Ignoring calls for comprehensive debt relief from African countries, 25 private creditors with more than $ 9 trillion in assets under management joined together to influence debt restructuring efforts across the continent for countries whose finances have been severely strained by the coronavirus pandemic.

The Africa Private Creditors Working Group (AfricaPCWG) aims to “provide African governments, the ECA, the G20, the IMF and other Multilateral Development Banks (” MDBs “) with a forum through which all parties stakeholders can engage in a transparent and constructive manner ”with private creditors who hold debts issued by African governments and companies, according to a statement released by the group on Friday.

African governments are fighting to manage the effects of the coronavirus, which the World Health Organization has estimated could infect 29 to 44 million people on the continent in the first year if left unchecked.

African countries are also facing a combined debt service bill of $ 44 billion this year alone.

While the task force has expressed its readiness to support multilateral and bilateral efforts to help “some of the world’s poorest countries contain the economic impact of COVID-19”, its main core commitment “is the conviction that one size fits all “a one-size-fits-all solution will be counterproductive for the nations and peoples of Africa”.

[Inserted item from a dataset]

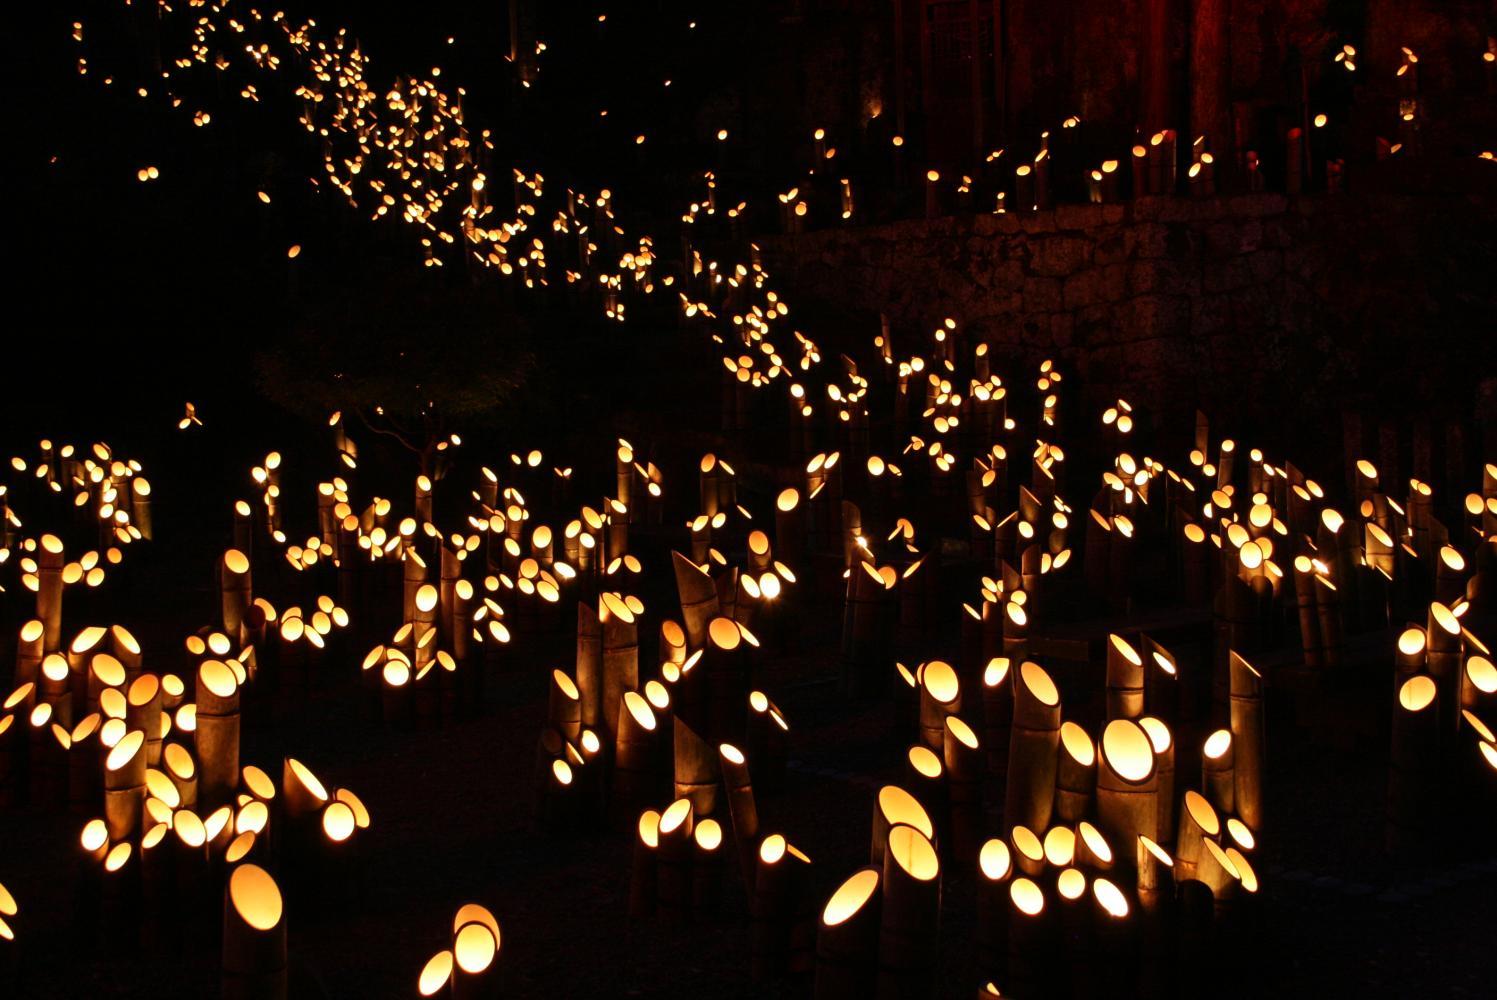 فستیوال نور بامبو ژاپن

The statement runs counter to calls from the G20 urging private creditors to align with their proposal to allow poorer countries to suspend debt payments for the remainder of the year.

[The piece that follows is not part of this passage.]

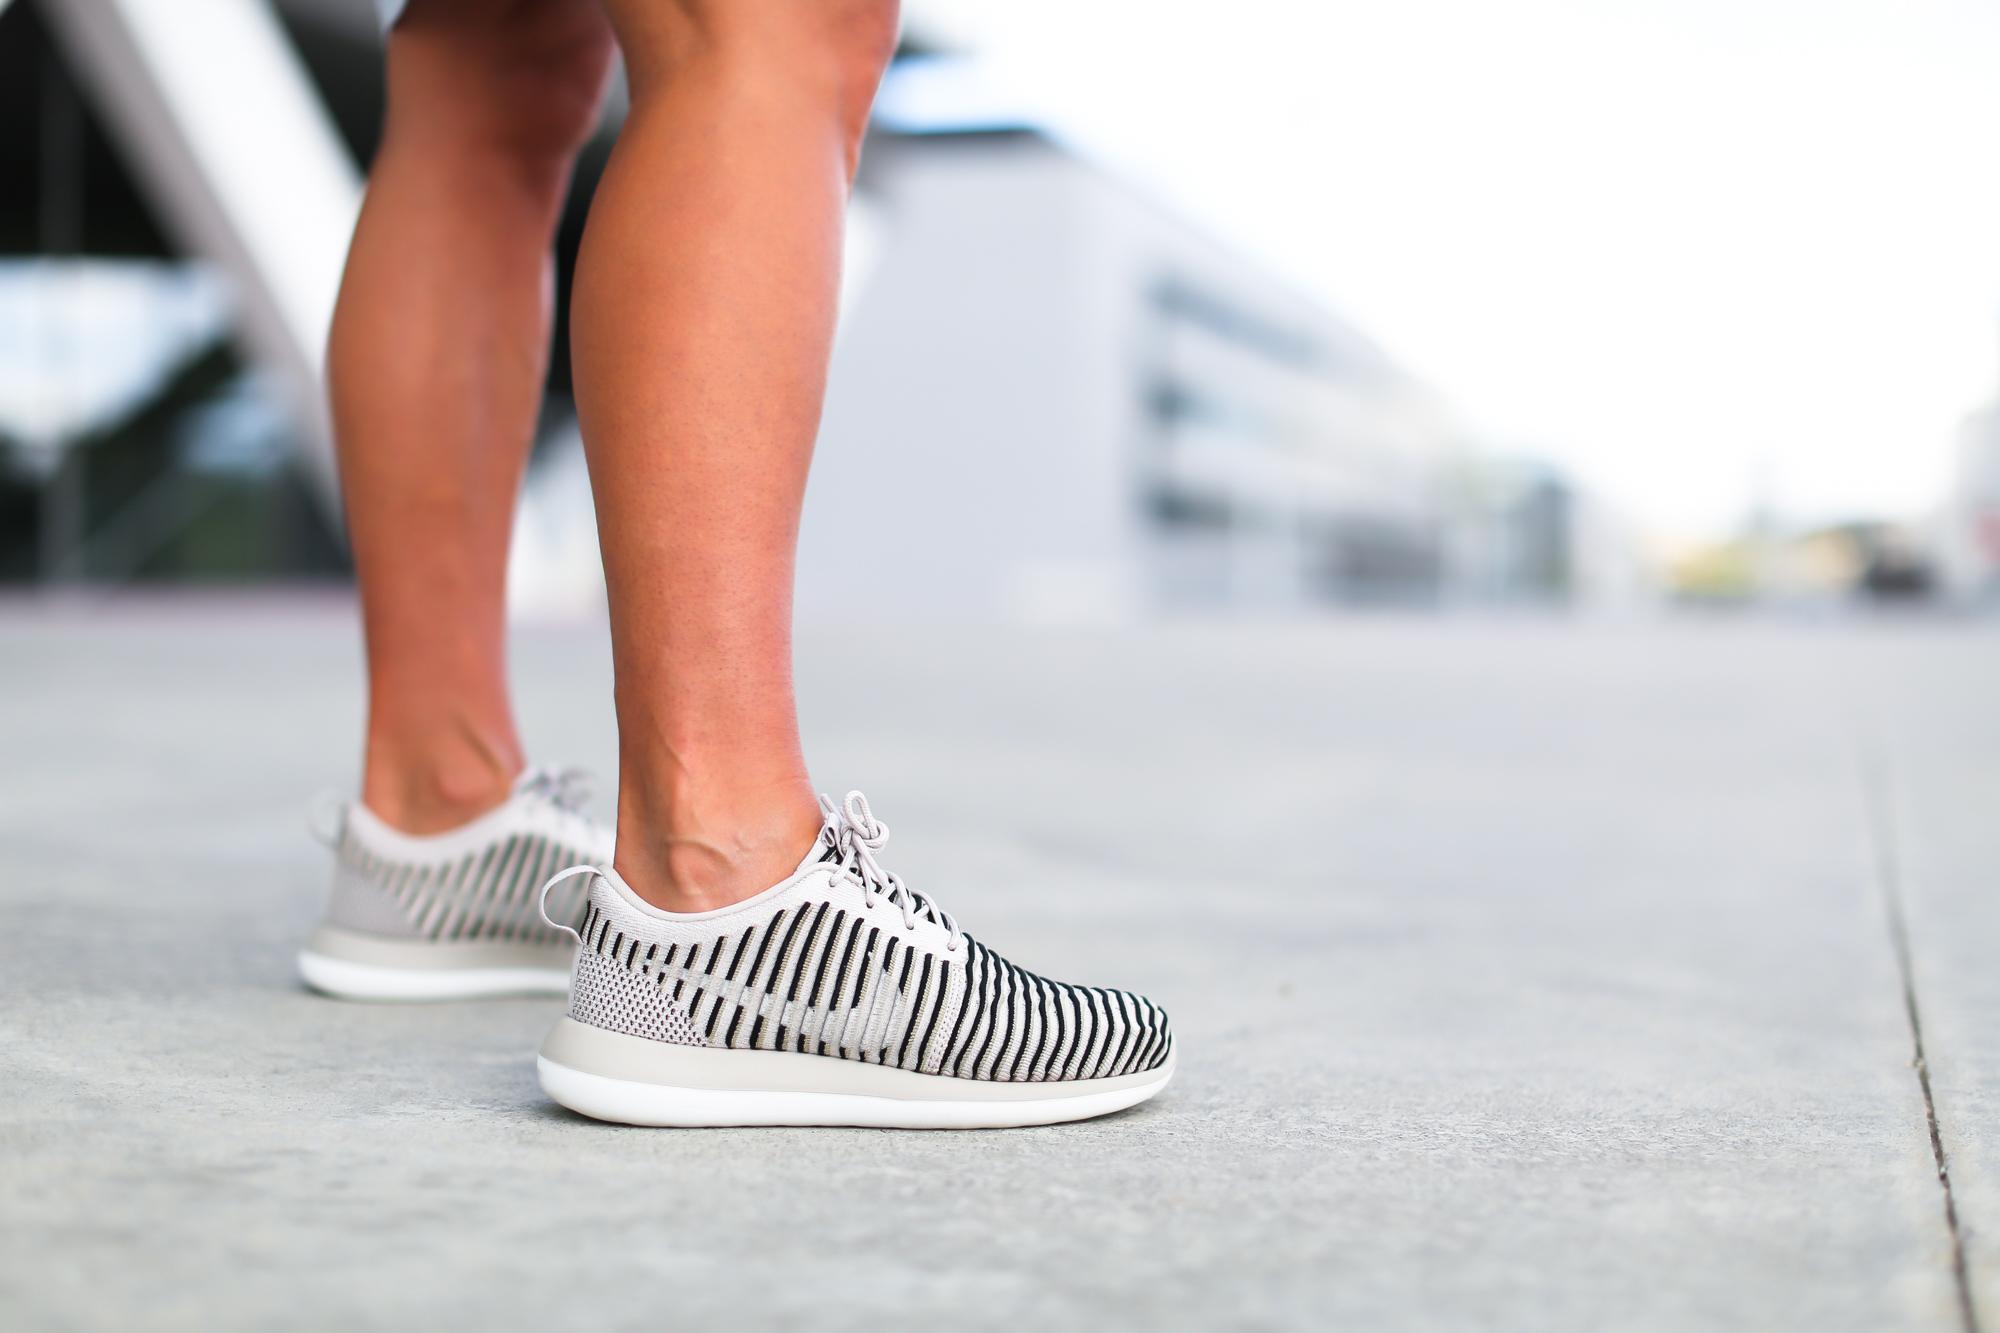 clochet_streetstyle_NIKEROSHETWOFLYKNIT_sneakers_nike

Private creditors must accept that they cannot make big profits by lending to poor countries, said Tim Jones, policy manager at Jubilee Debt Campaign, a UK-based charity that works to end poverty .

“Unless debt payments to private lenders are canceled, IMF loans and the G20 debt suspension will be used to pay high interest to private lenders, an outrageous use of public money,” he said. he declared.

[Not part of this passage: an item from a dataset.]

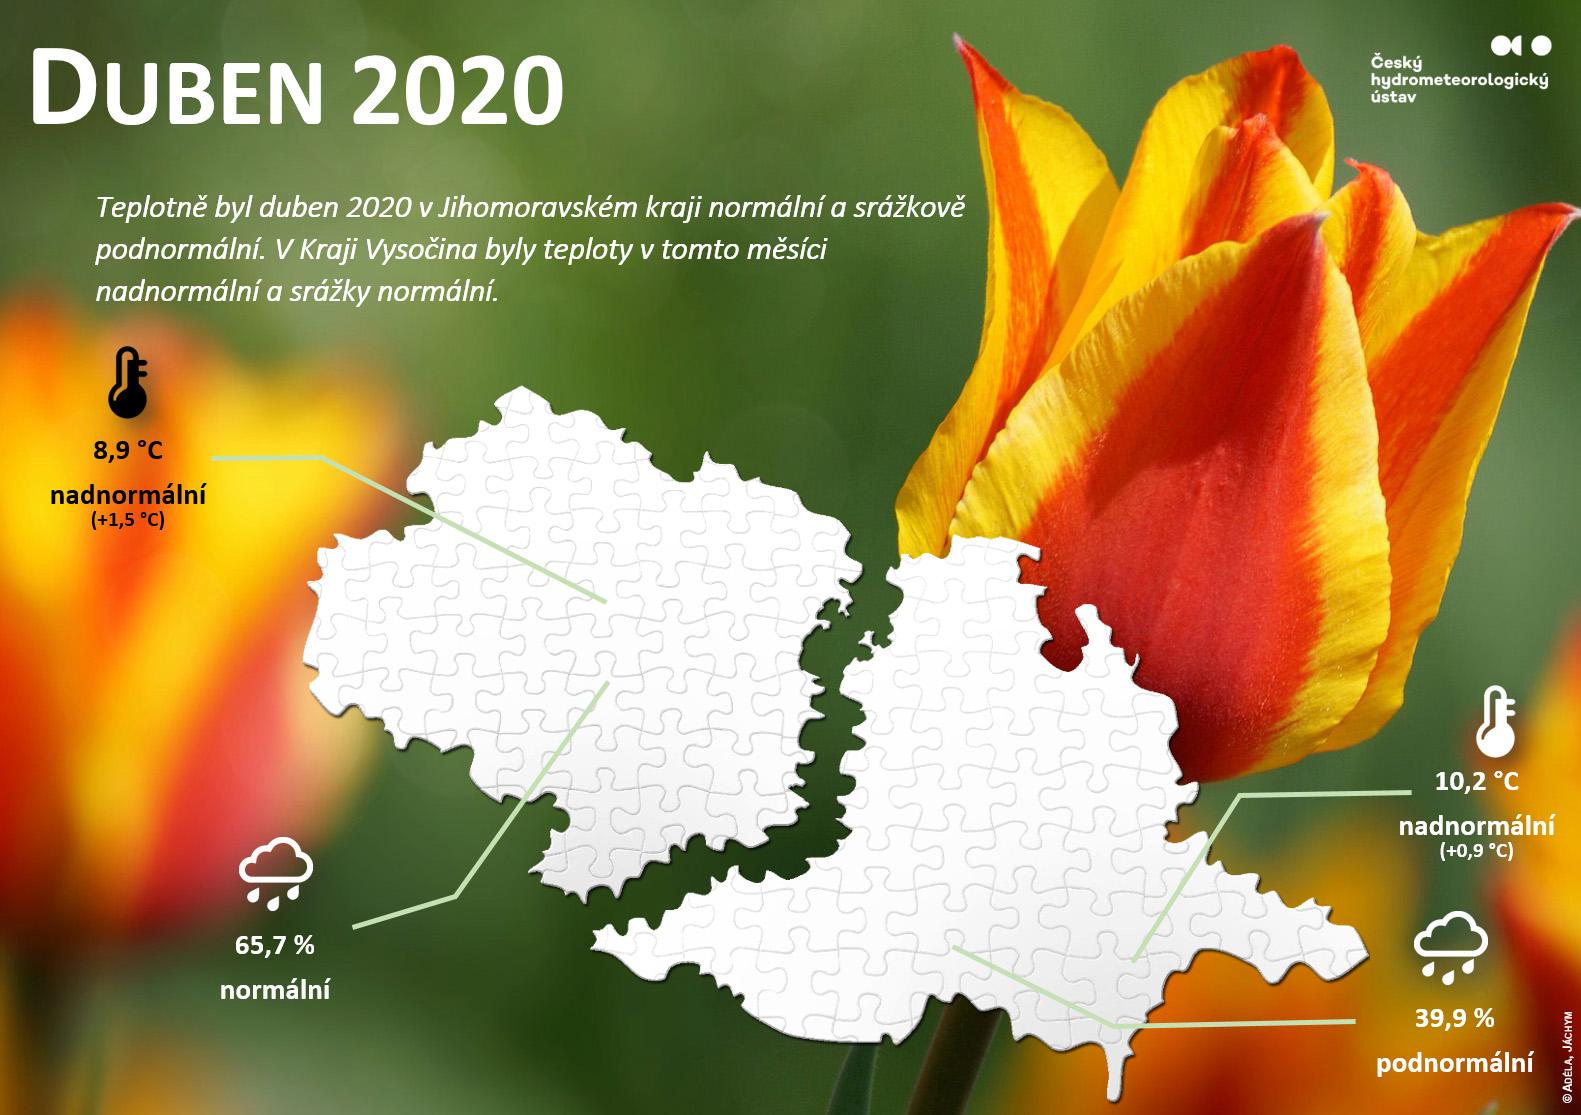 Duben 2020 v krajích Jihomoravský a Vysočina3 min čtení

The G20 announced on April 15 an agreement with the Paris Club group of major creditor countries to freeze the debt payments of the 77 poorest countries from May 1 to the end of the year, as requested, in order to free cash for the pandemic.

But the Institute of International Finance (IIF) trade association, which previously called for the private sector to join the initiative, reported creditors’ concerns earlier this month. to the IMF, the World Bank and the Paris Club regarding their involvement in such an initiative. .

“A rushed and comprehensive approach developed in times of crisis will jeopardize this crucial long-term access to capital,” said the AfricaPCWG.

Farallon Capital Europe, Aberdeen Asset Management, Amia Capital, Greylock Capital Management and Pharo Management were among the members of AfricaPCWG.

He declined to name the other members.